What is needed is the full listing written out exactly, minus the pictures.

(Available data Opens)

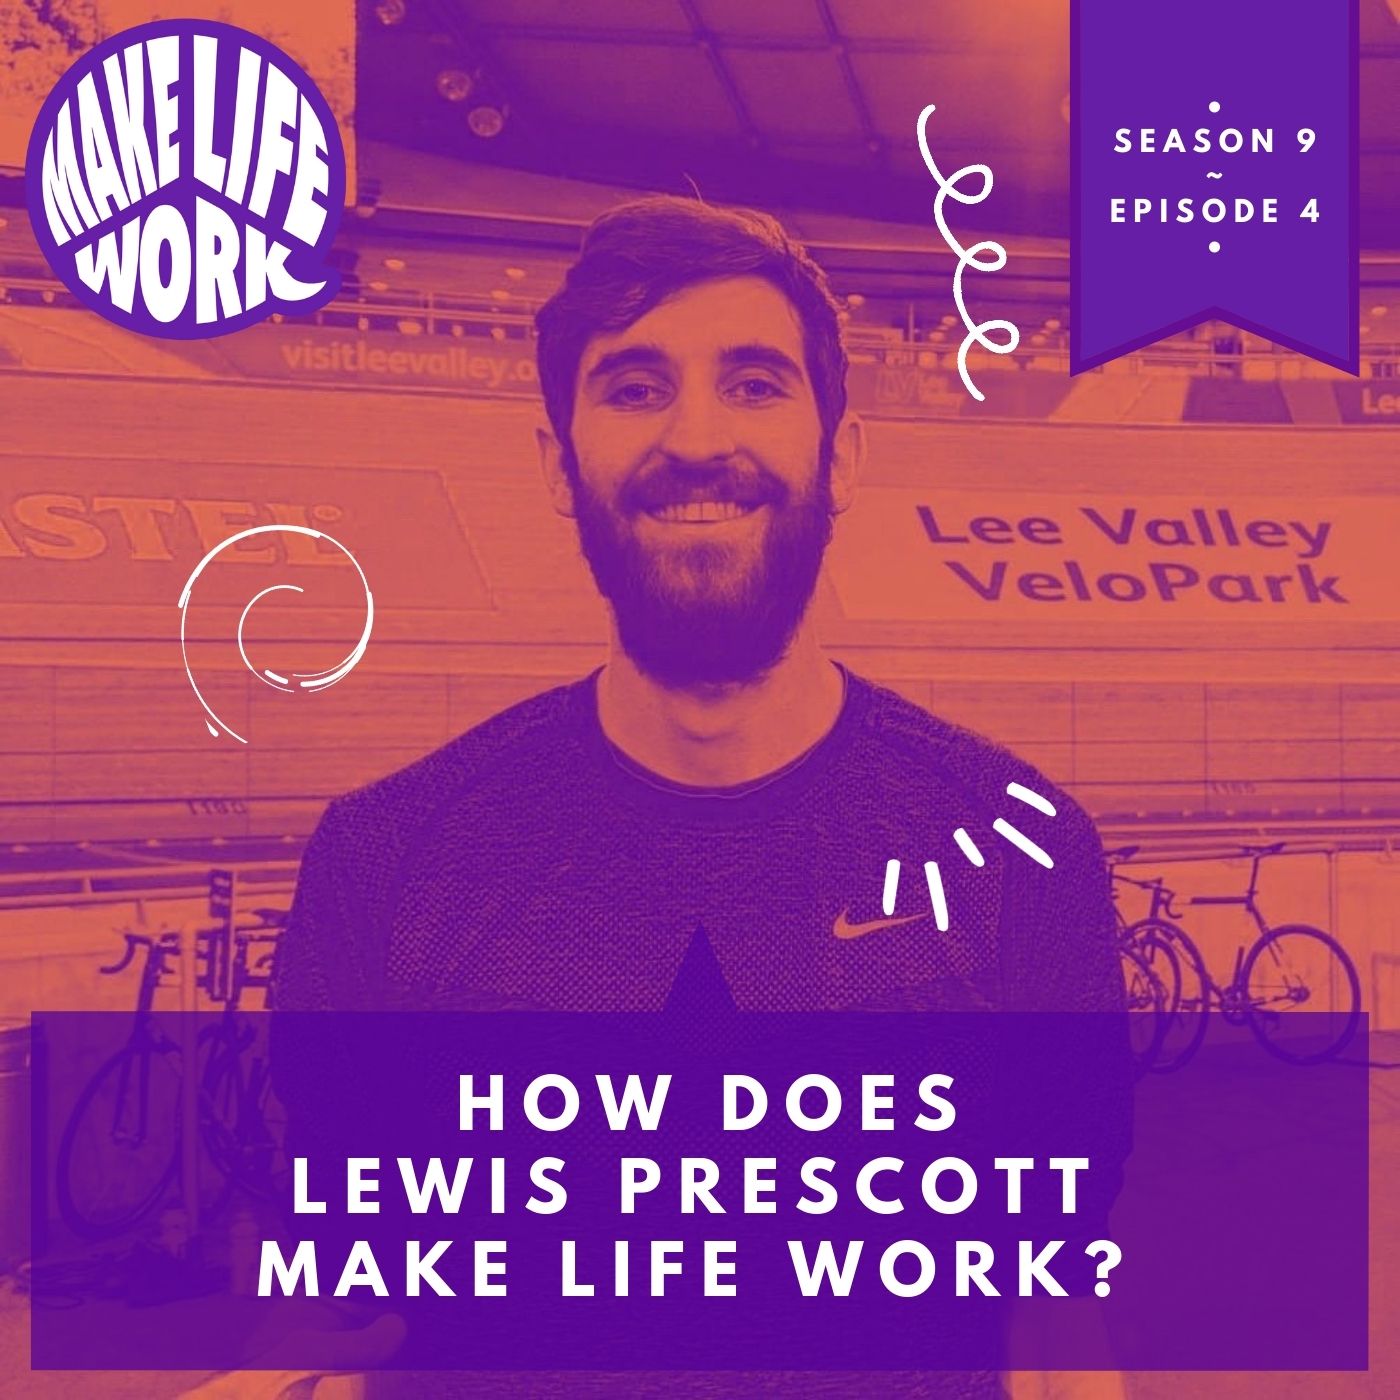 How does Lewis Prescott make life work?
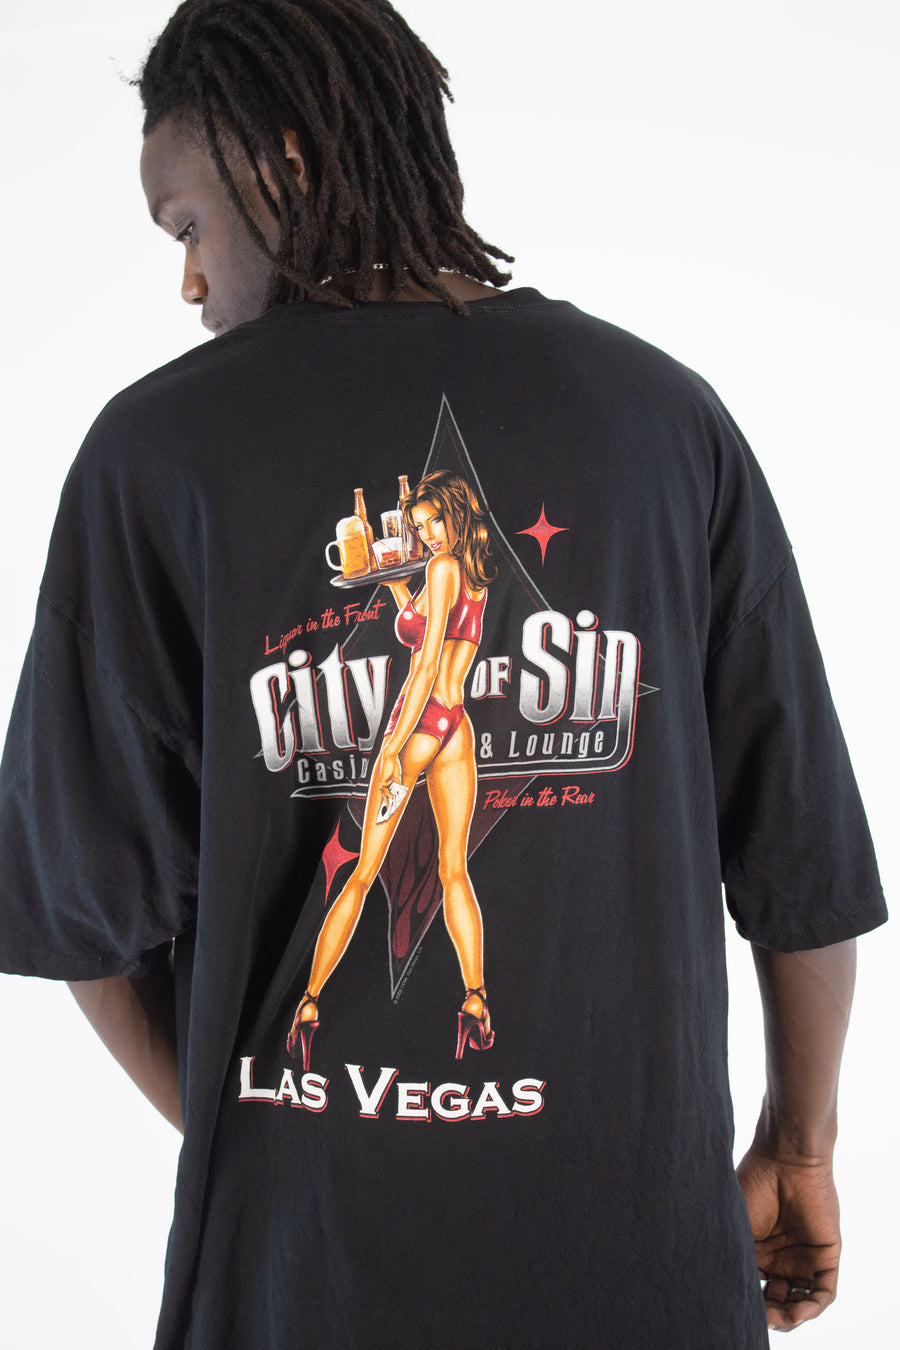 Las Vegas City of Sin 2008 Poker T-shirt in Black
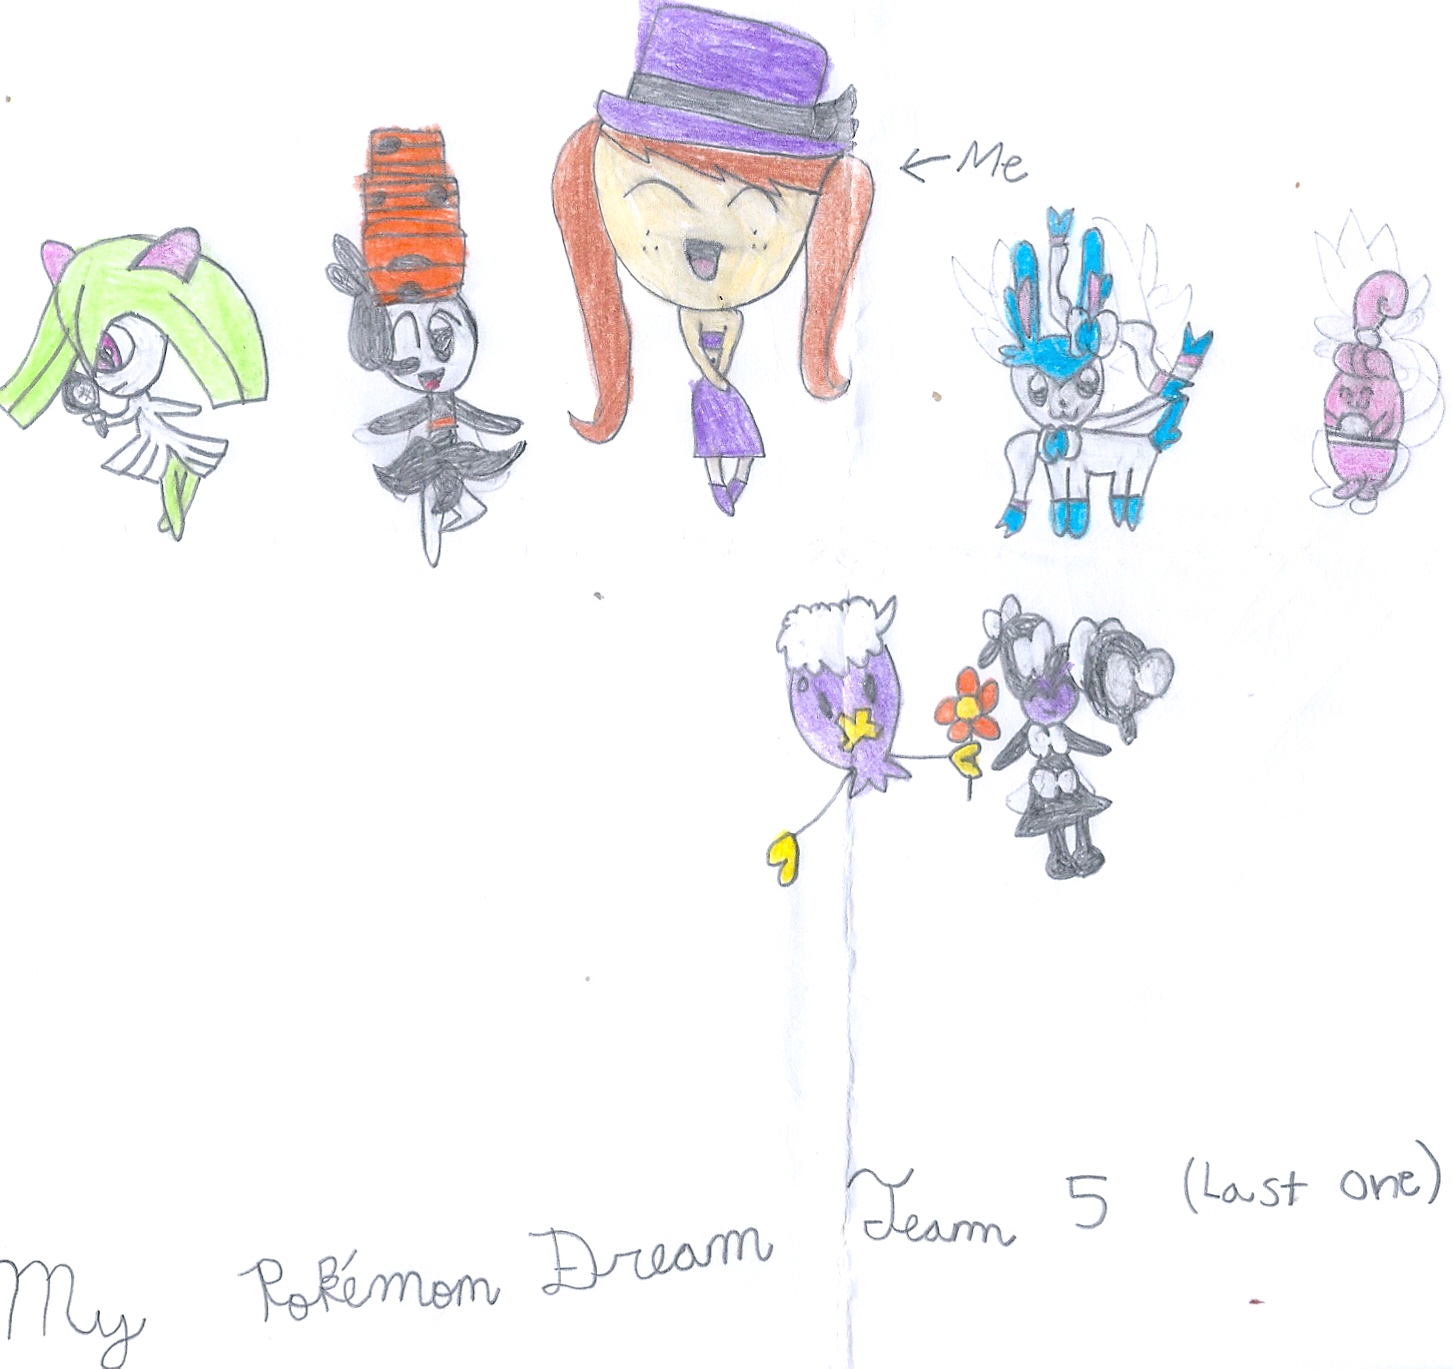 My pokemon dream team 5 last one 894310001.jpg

(Available data Closes)

## Exercise result
 How does Lewis Prescott make life work?
 Las Vegas City of Sin 2008 Poker T-shirt in Black
 My pokemon dream team 5 last one 894310001.jpg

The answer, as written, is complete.